4. Antes de empezar, asegúrate de que tus intestinos están limpios
A veces, no importa cuánto te ejercites o comas, si tus órganos no están funcionando correctamente, o están llenos de toxinas, puede que no consigas el éxito. Por eso algunos atletas toman tés de desintoxicación muy suaves por la mañana o en el almuerzo para ayudar a eliminar las toxinas de sus riñones y reducir la inflamación no deseada en sus cuerpos. Hay algunos tés de desintoxicación sin cafeína y deliciosos. Una gran recomendación que yo haría se llama Ultra Slender Detox. Es 100% natural y sólo contiene hierbas. También es conocido por ayudar con los problemas de la piel y para aumentar la energía. Esto es grande para tomar en la mañana cuando se despierta para poner en marcha su día, y por lo que obtendrá el máximo de su entrenamiento.

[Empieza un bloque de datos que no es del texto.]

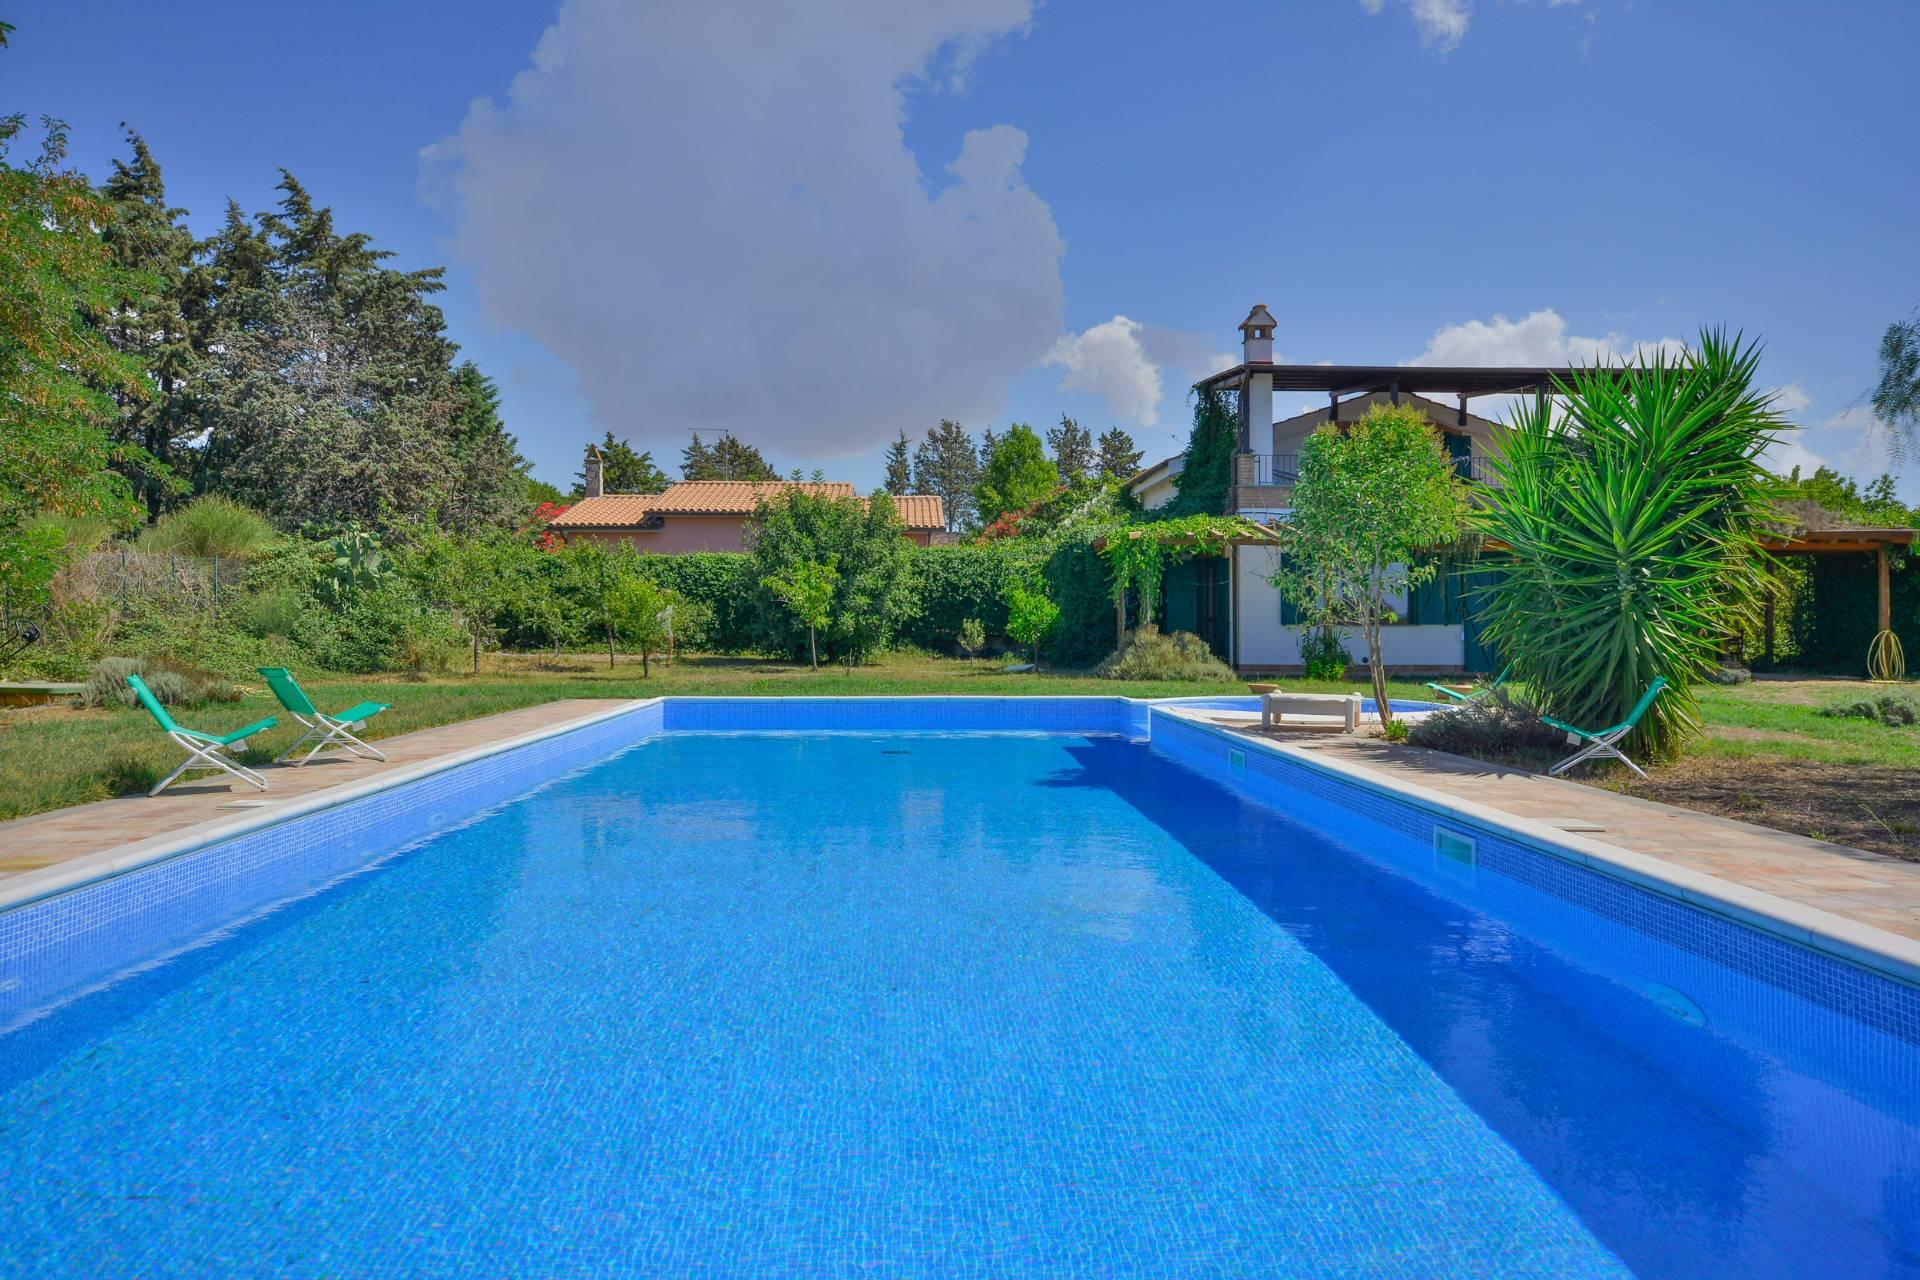 Cbi083 Montalto01s Villa Singola In Vendita A Montalto

Suplementos de ácido linoleico conjugado
Usted puede estar preguntando qué diablos «ácido linoleico conjugado» es y cómo es diferente de otros suplementos por ahí. El ácido linoleico conjugado (CLA) es realmente muy importante para la salud humana y es una forma ligeramente alterada de un ácido graso omega-6. Se deriva de muchos de los alimentos que comemos, incluyendo la carne y los productos lácteos.
Entonces, ¿qué tiene de especial el CLA? Pues bien, se ha demostrado que la suplementación con CLA mejora la relación entre la masa magra y la grasa corporal; disminuyendo la deposición de grasa, especialmente en el abdomen, y potenciando el crecimiento muscular. El CLA consigue esta reacción reduciendo la grasa corporal mediante la mejora de la sensibilidad a la insulina, de modo que los ácidos grasos y la glucosa pueden atravesar las membranas de las células musculares y alejarse del tejido graso. Esto se traduce en una mejora de la relación músculo-grasa.

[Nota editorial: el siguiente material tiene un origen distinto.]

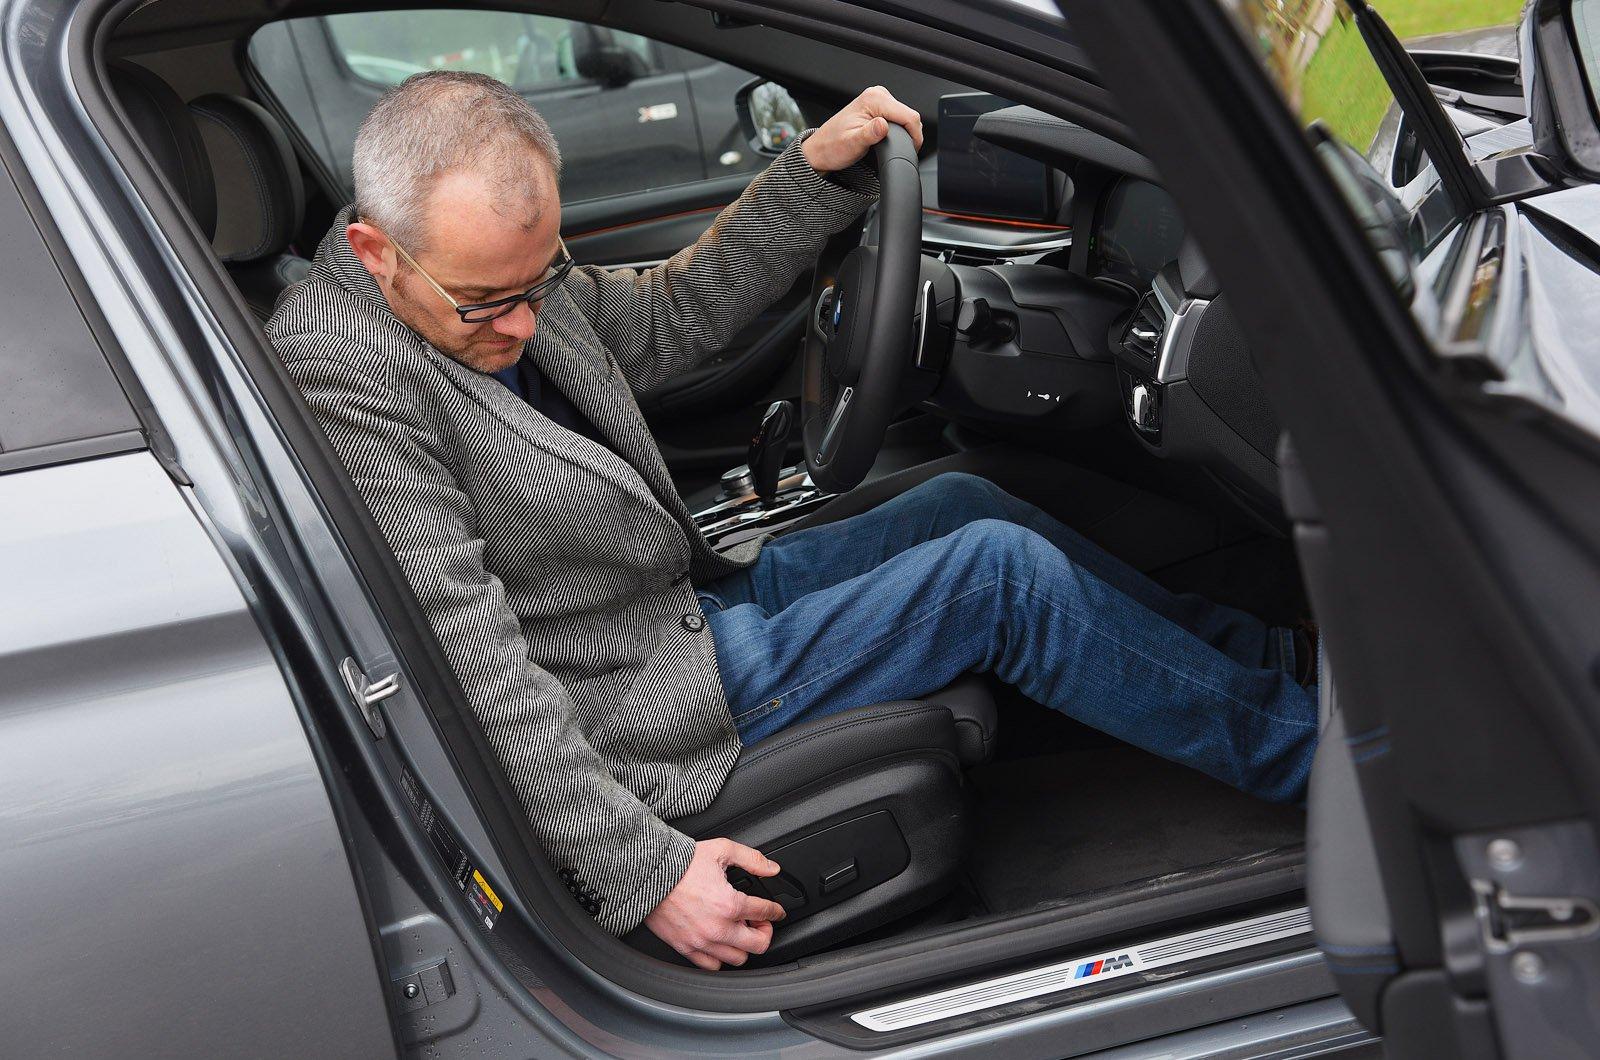 LT BMW 530e adjusting seat

Un estudio realizado en Noruega también obtuvo grandes resultados con el CLA. En concreto, los investigadores pudieron demostrar que el CLA aumenta la masa muscular. Los investigadores estudiaron a un grupo de hombres y mujeres sanos pero con sobrepeso, a los que se les administró 1,7g, 3,4g, 5,1g o 6,8g de CLA al día. Todos los grupos mostraron una reducción significativa de la grasa corporal y un aumento del músculo magro, pero este efecto fue más significativo en los dos últimos grupos. Otro beneficio sorprendente que se encontró en este estudio fue que todos los participantes del grupo mostraron una reducción de la grasa y el colesterol en sangre.